INSTRUCTIONS FOR THE TASK: A precise copy of the data is required, with every picture left out.
Top of INFORMATION SHOWN
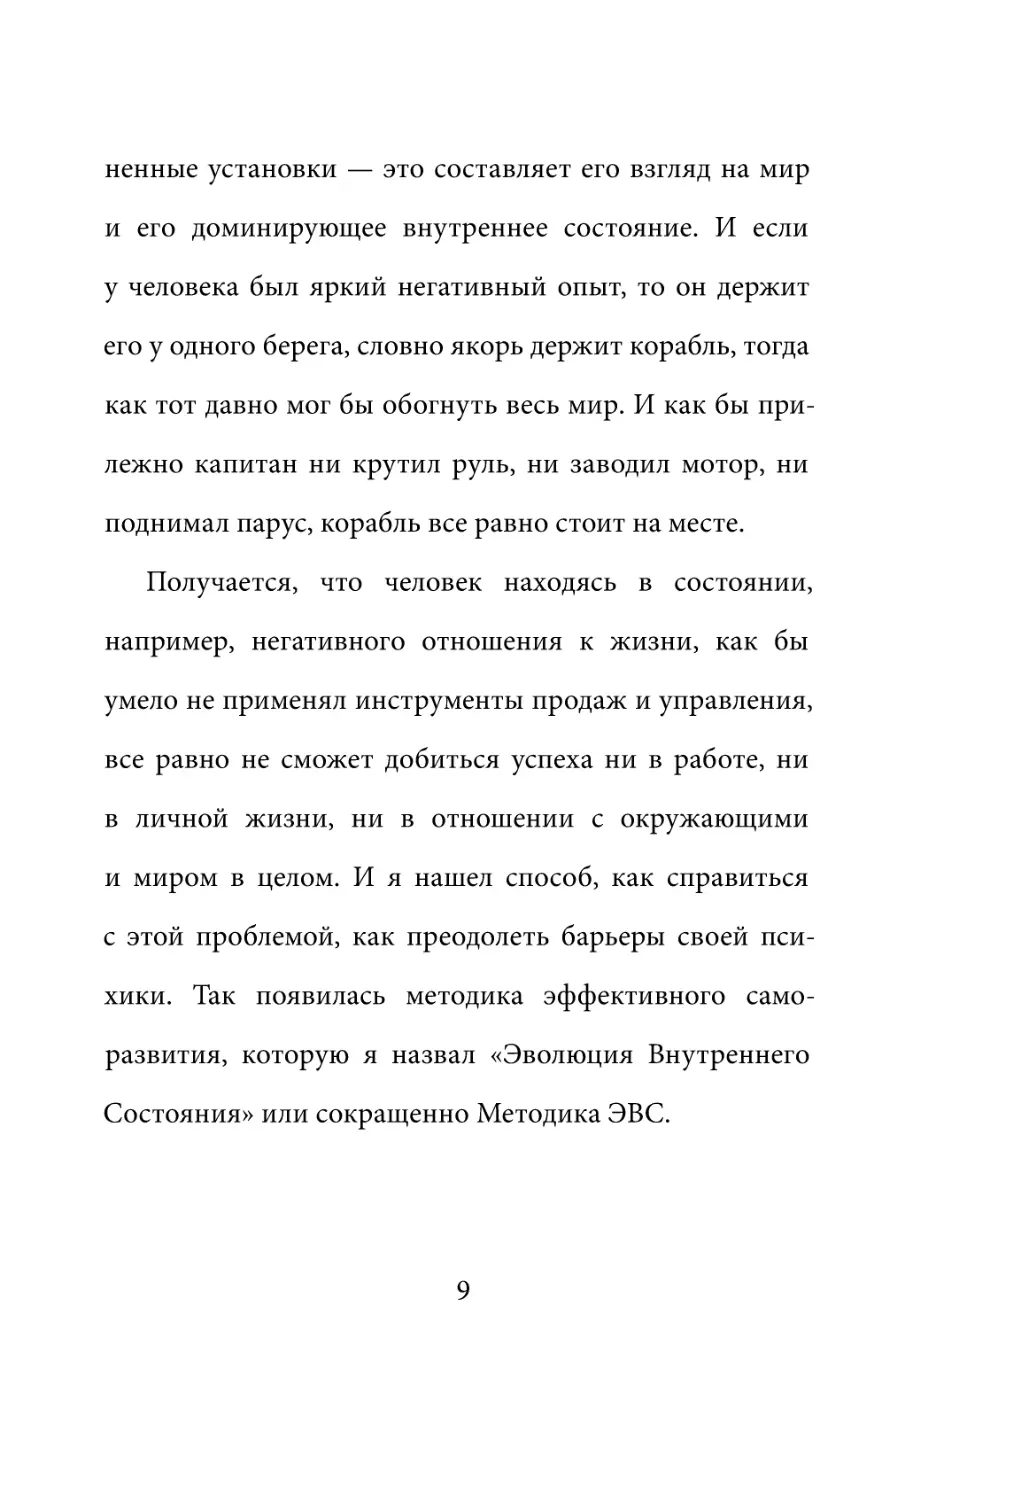 Sergey_Filippov_Dnevnik_samorazvitia_Evolyutsia_Vnutrennego_Sostoyania_9.pdf (p.9)
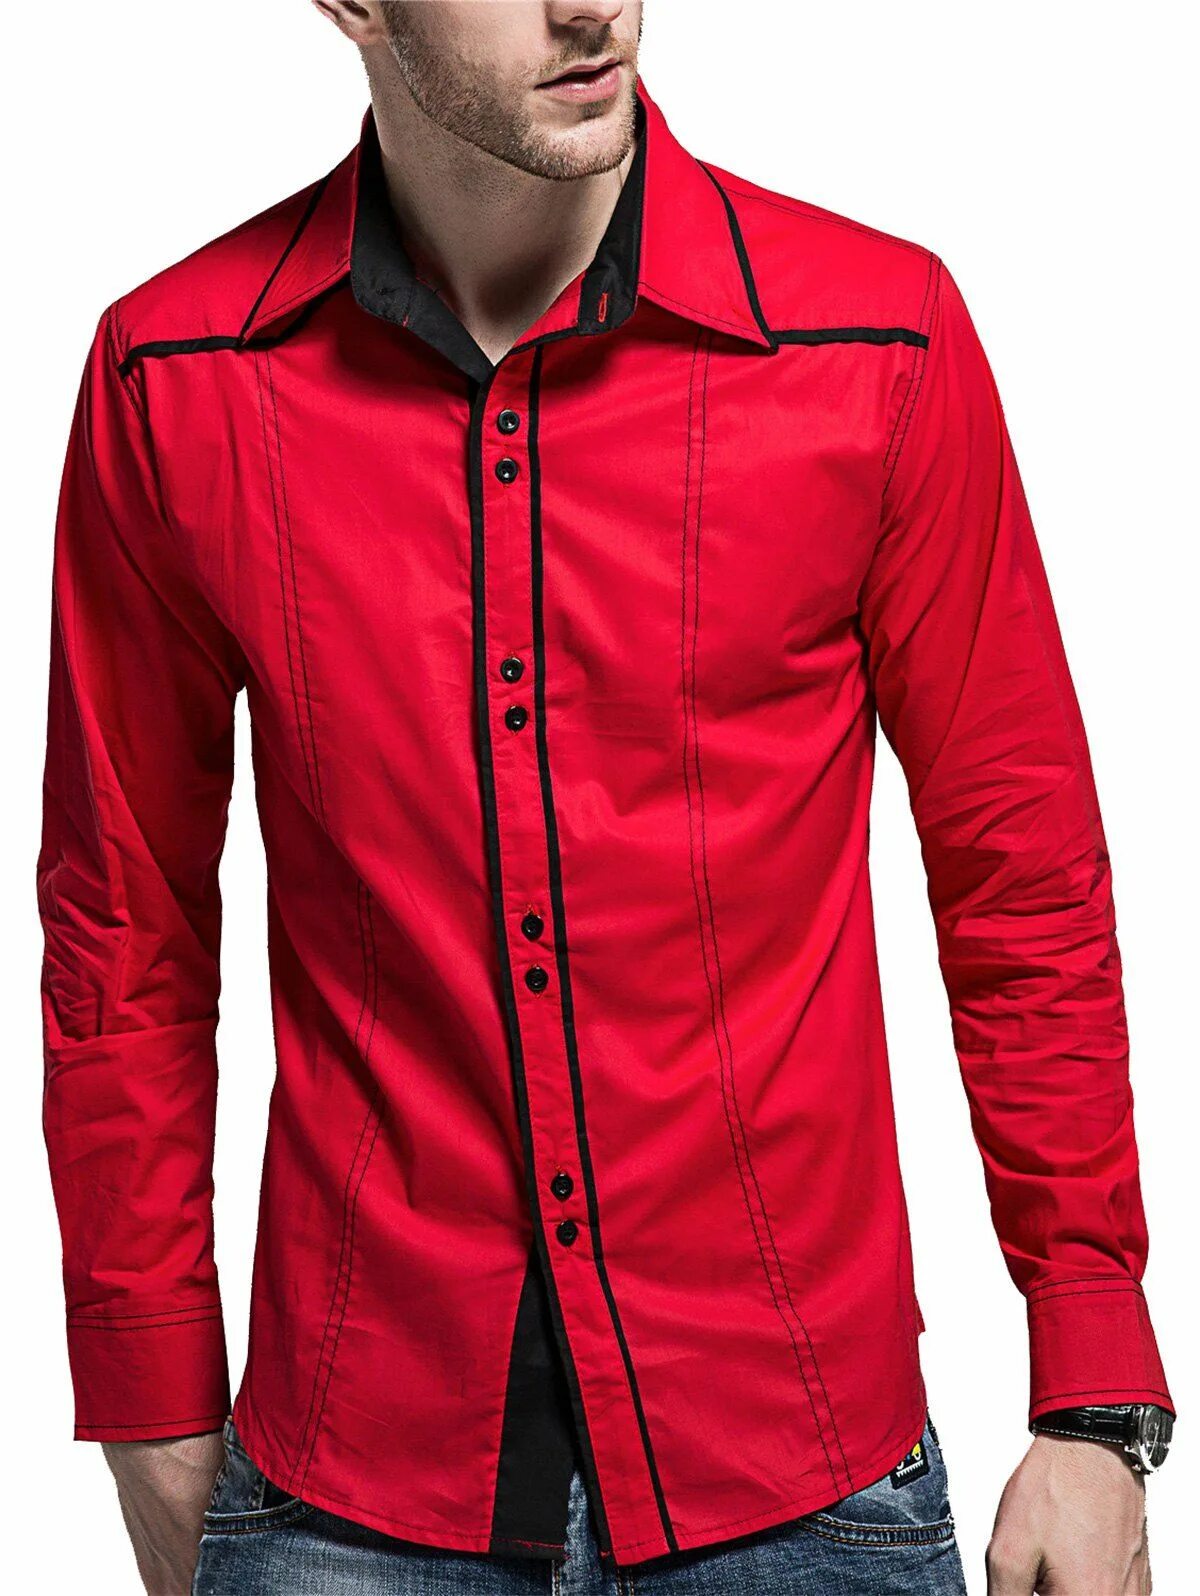 Красная рубашка текст. Красная рубашка. Красная сорочка мужская. Мужская рубашка красного цвета. Рубашка мужская с длинным рукавом красная.
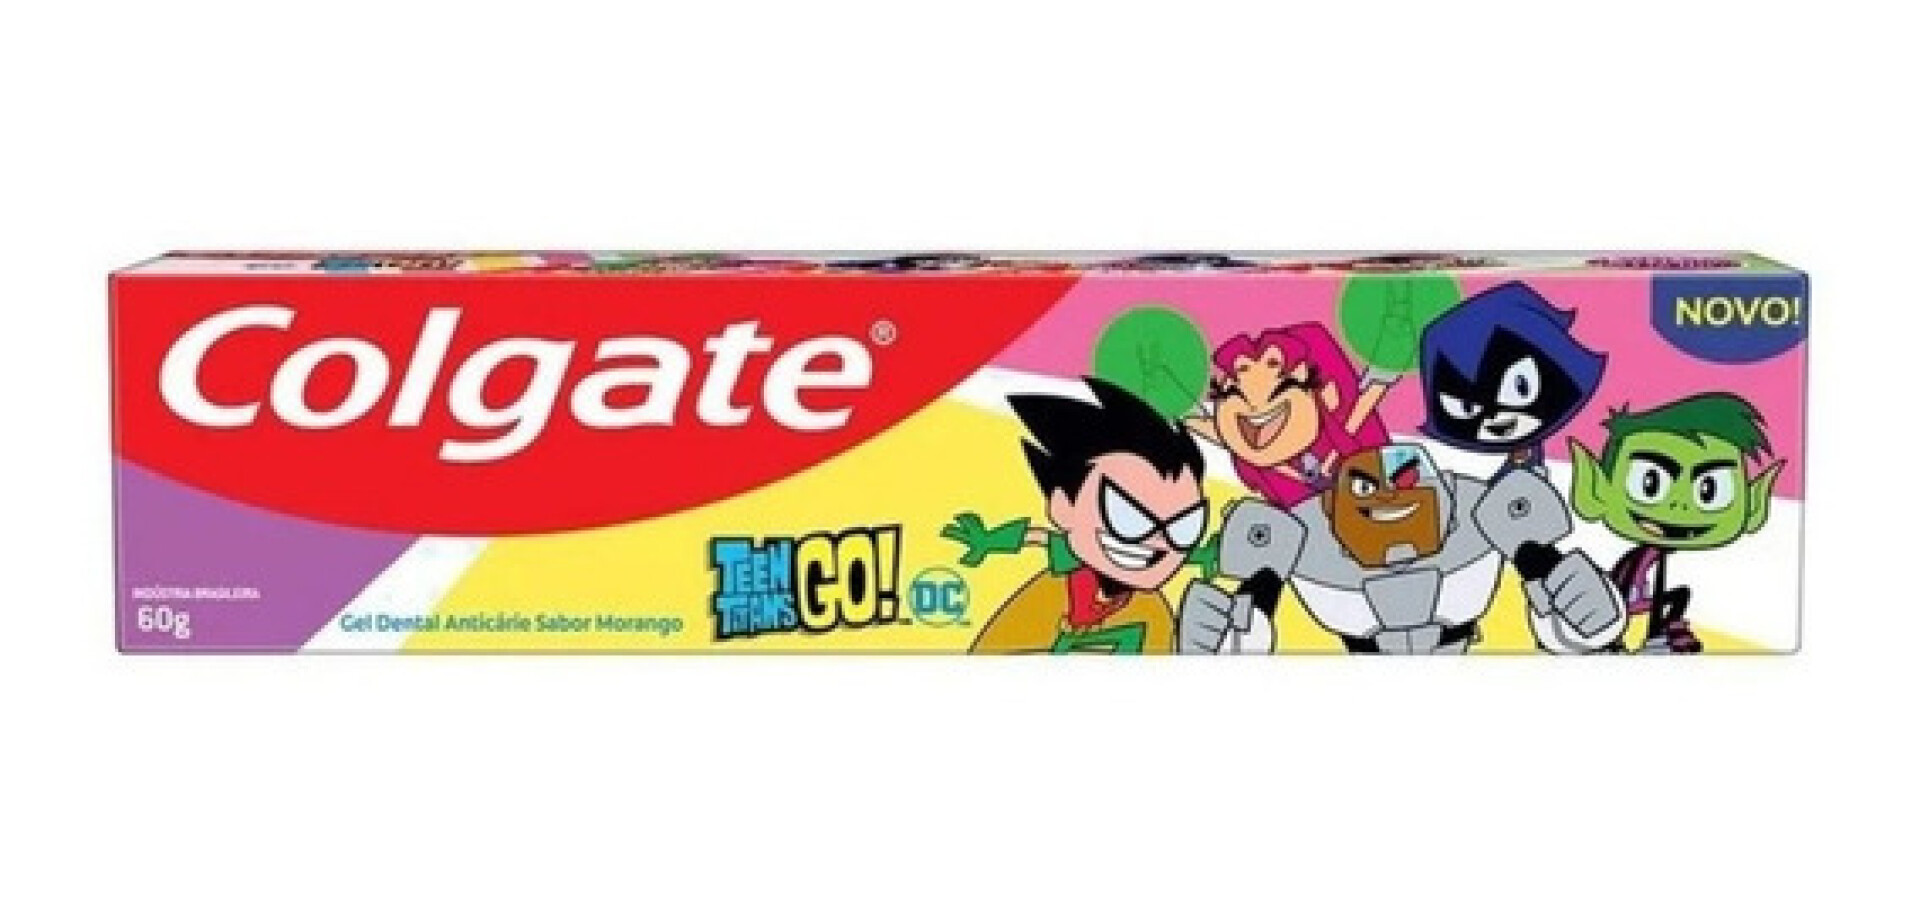 Colgate Pasta Teen Titans Go
Bottom of INFORMATION SHOWN
RESPONSE BOX:
 Sergey_Filippov_Dnevnik_samorazvitia_Evolyutsia_Vnutrennego_Sostoyania_9.pdf (p.9)
 Красная рубашка текст. Красная рубашка. Красная сорочка мужская. Мужская рубашка красного цвета. Рубашка мужская с длинным рукавом красная.
 Colgate Pasta Teen Titans Go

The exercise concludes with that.